In any civil action brought for personal injury or death, except actions brought pursuant to the provisions of P.L.1972, c. 70 (C. 39:6A-1 et seq.), if a plaintiff receives or is entitled to receive benefits for the injuries allegedly incurred from any other source other than a joint tortfeasor, the benefits, other than workers’ compensation benefits or the proceeds from a life insurance policy, shall be disclosed to the court and the amount thereof which duplicates any benefit contained in the award shall be deducted from any award recovered by the plaintiff, less any premium paid to an insurer directly by the plaintiff or by any member of the plaintiff‘s family on behalf of the plaintiff for the policy period during which the benefits are payable. Any party to the action shall be permitted to introduce evidence regarding any of the matters described in this act.
“Except as provided in subsection (b) of this section [the saving clause], the provisions of this subchapter and subchapter III of this chapter shall supersede any and all State laws insofar as they may now or hereafter relate to any employee benefit plan ....”
“Except as provided in subparagraph (B) [the deemer clause], nothing in this subchapter shall be construed to exempt or relieve any person from any law of any State which regulates insurance, banking, or securities.”
“Neither an employee benefit plan ... nor any trust established under such a plan, shall be deemed to be an insurance company or other insurer, bank, trust company, or investment company or to be engaged in the business of insurance or banking for purposes of any law of any State purporting to regulate insurance companies, insurance contracts, banks, trust companies, or investment companies.”

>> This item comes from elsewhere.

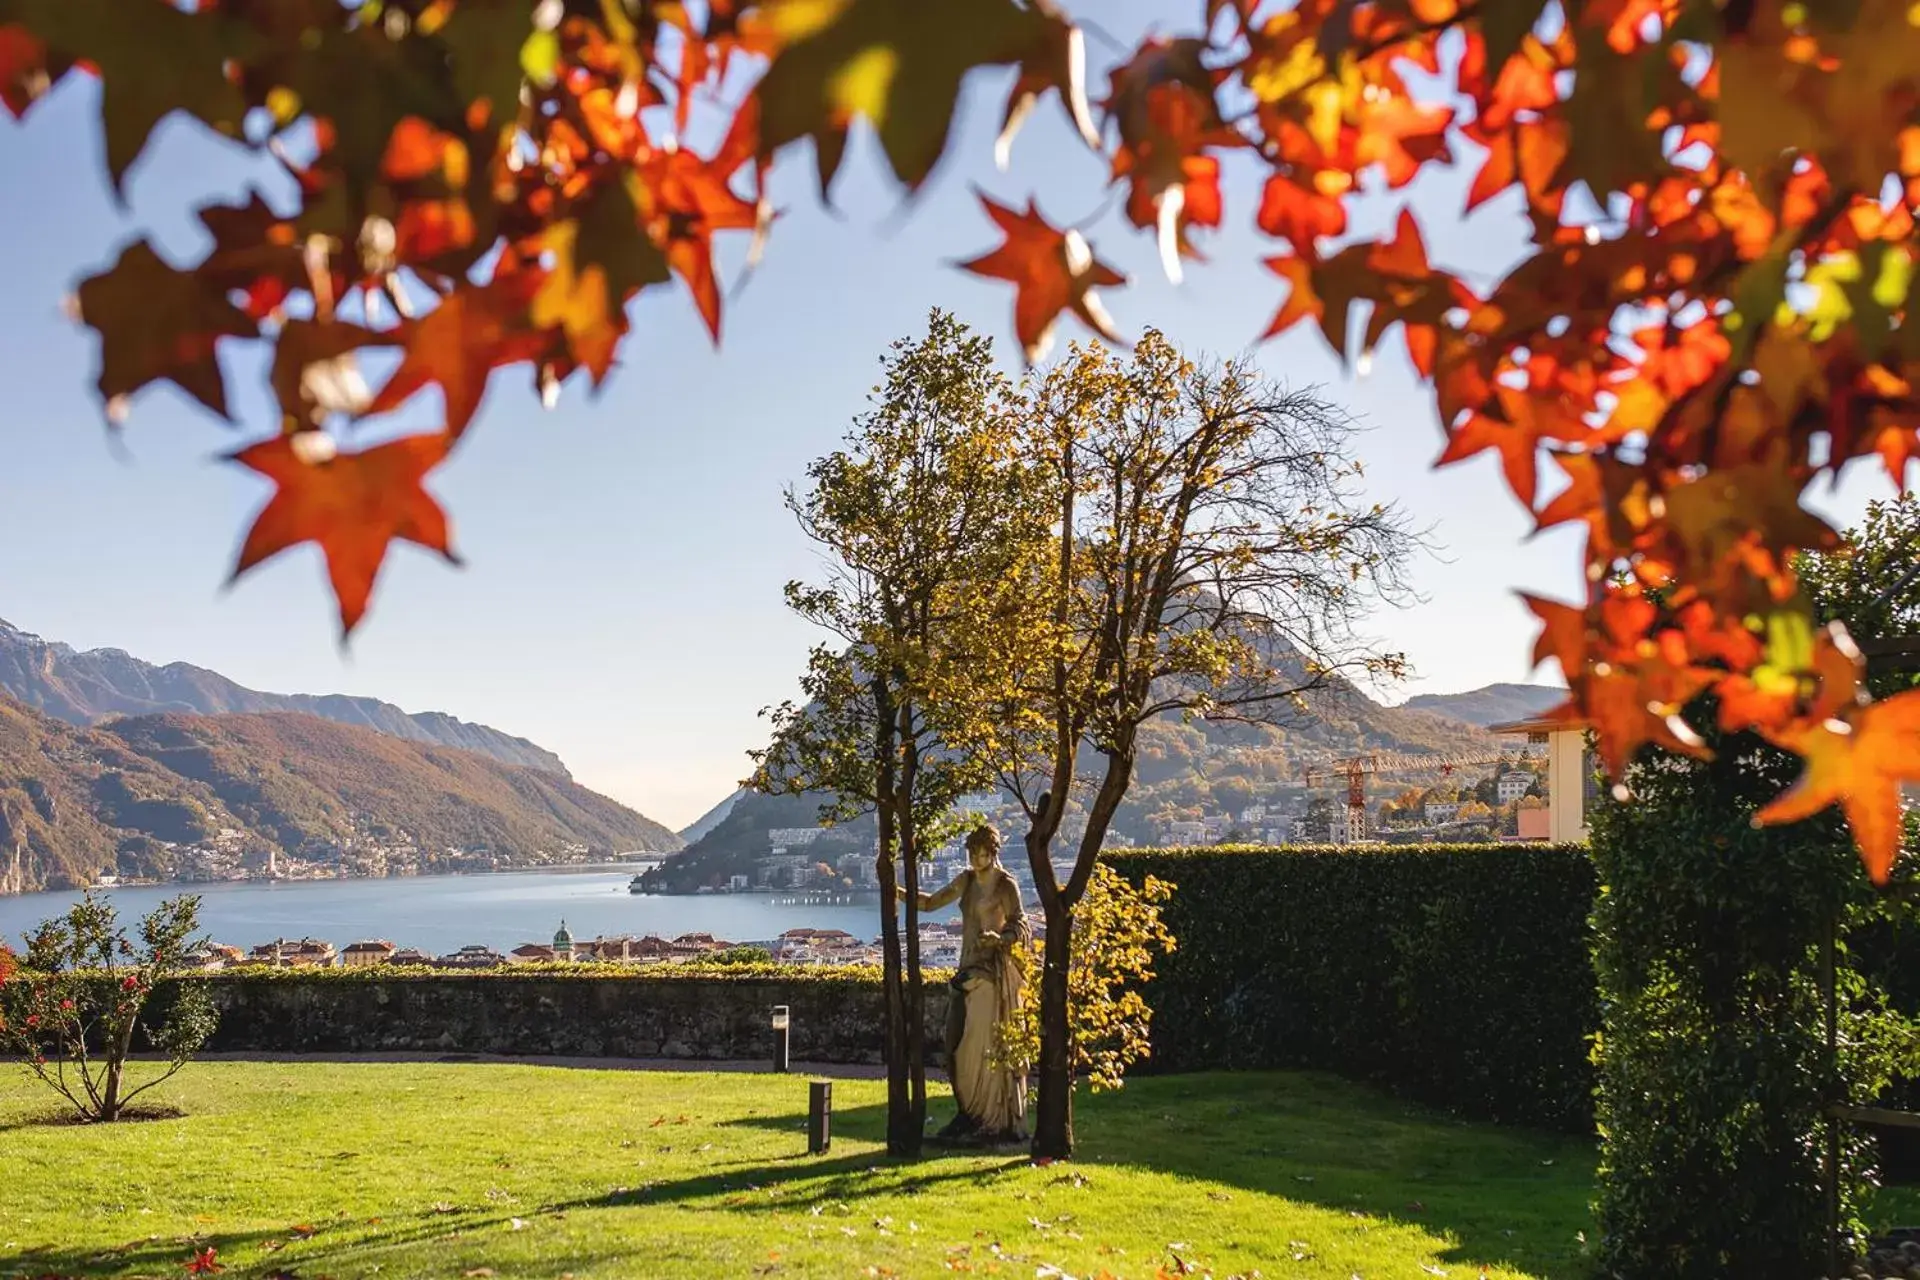 Autumn in Villa Sassa Hotel, Residence & Spa - Ticino Hotels Group

This bill attempts to reduce the cost of liability insurance by reducing the likelihood of a ‘double recovery’ in a liability award for items which were already compensated by insurance or by other ‘collateral’ sources other than a tortfeasor.
Id. at 410, 778 A.2d 429 (quoting Passed Bill Memo to Governor Thomas H. Kean (Dec. 7, 1987)).
This is a difficult issue, and more than that, the resolution of it could be outcome determinative in this appeal. As a result, I believe that the proper course for this Court to take would be to certify the issue of retroactivity to the New Jersey Supreme Court. Under New Jersey Court Rule 2:12A-1., the New Jersey Supreme Court may answer such a question if “there is no controlling appellate decision, constitutional provision or statute in this State.” N.J. Ct. R. 2:12A-1. The use of certification “rests in the sound discretion of the federal courts.” Lehman Bros. v. Schein, 416 U.S. 386, 391, 94 S.Ct. 1741, 40 L.Ed.2d 215 (1974). Such discretion, in my judgment, would be warranted here.